# Pedal Power Pains



## Moot (Feb 15, 2009)

I know, it's a nice problem to have, but I have too many pedals with too many weird power requirements, so I have to spend money on a big power supply. 
But because my Effectrode pedals need 1.2 Amps each, 12 Volts, centre _Positive_, it needs a special Atomic Power Supply Atomic Power Supply which just set me back $460! And it only powers four Effectrode pedals. I have five. (Not complaining about that; I'm bragging now.)
Maxon AD999Pro - 2 Amps! 
MXR 10 Band EQ - 18 Volts, 1 Amp.
Just traded off two Radial pedals, each needing 15 Volt, centre _Positive_.

I understand why each pedal needs what power it does, but it sure makes getting the power for a nice, clean pedalboard difficult. 
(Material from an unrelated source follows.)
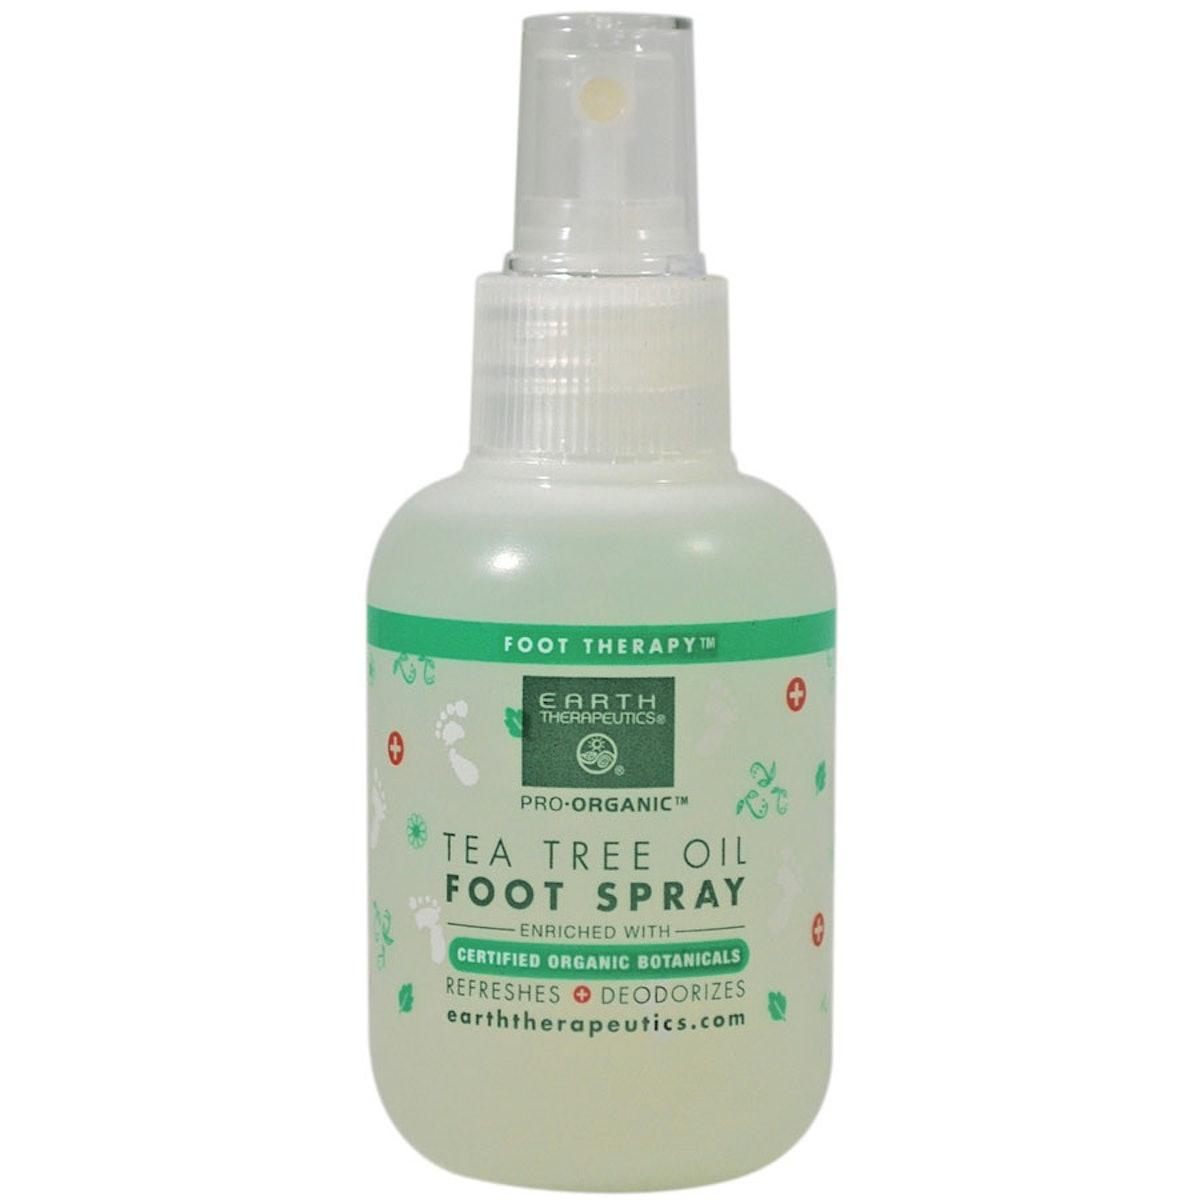 Earth Therapeutics Foot Spray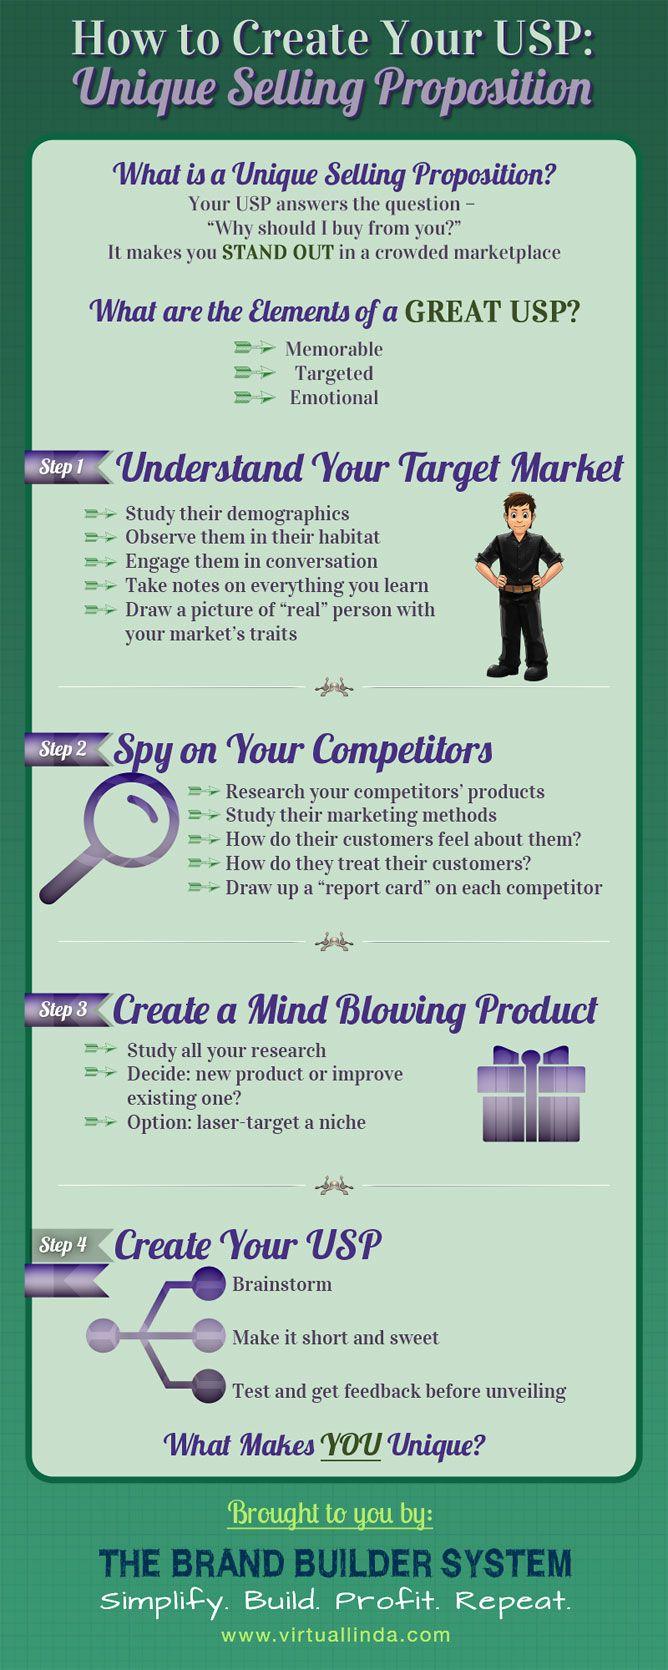 How To Create Your Usp Unique Selling Proposition Infographic Lebenslauf Bloggen Web Design

So far it looks like I'll have the Atomic, Profile Pii (15 Volt, centre _Positive,) _and a power bar.

Can someone with experience tell me just how far away from wall warts most pedals need to be? Should I make a separate board for just power?


----------



## keto (May 23, 2006)

I don't have the answers. But recently when I redid my board, it was the first time ever I actually listed them all out and detailed their mV requirements (all 9v so no worries about wierd 12v or 18v for now). I'd been having issues that I nailed down to insufficient power going to 1 or 2 affecting ALL of them, so I separated out the load to my 2 DC Bricks differently and have had no issues. Previously I'd always just plugged stuff in until I ran out of plugs  

I also have an IsoBrick on the way, which should more properly and fail-safely power what I have//want to incorporate.

I have a power bar velcro'd to the back end of my board, and have 3 wall warts going there (2 Bricks + a high current requirement preamp). The 2 Bricks are velcro'd under the board right next to the power bar. I have have had no issues with noise.


----------



## TWRC (Apr 22, 2011)

No real answers here either, but when I ran out of outlets on my pedal power, I made a list of my pedals and took note of all their respective current requirements. What I ended up doing was daisy chaining a few pedals that had the lowest mA requirements. Although not ideal in terms of isolated outputs, the only issue I ever ran into was a hum from an EHX Freeze that was daisy chained. As soon as I plugged it into its own spot on my pedal power, the hum went away.

As for actual distance from wall warts; I can't say I've ever experienced anything out of the ordinary with a wall wart plugged in right beside a specific pedal.


----------



## Moot (Feb 15, 2009)

keto said:


> ... I have have had no issues with noise.





TWRC said:


> ... As for actual distance from wall warts; I can't say I've ever experienced anything out of the ordinary with a wall wart plugged in right beside a specific pedal.


This is heartening to hear. I'm trying to avoid doing this more than a couple of times to get right. All suggestions are appreciated!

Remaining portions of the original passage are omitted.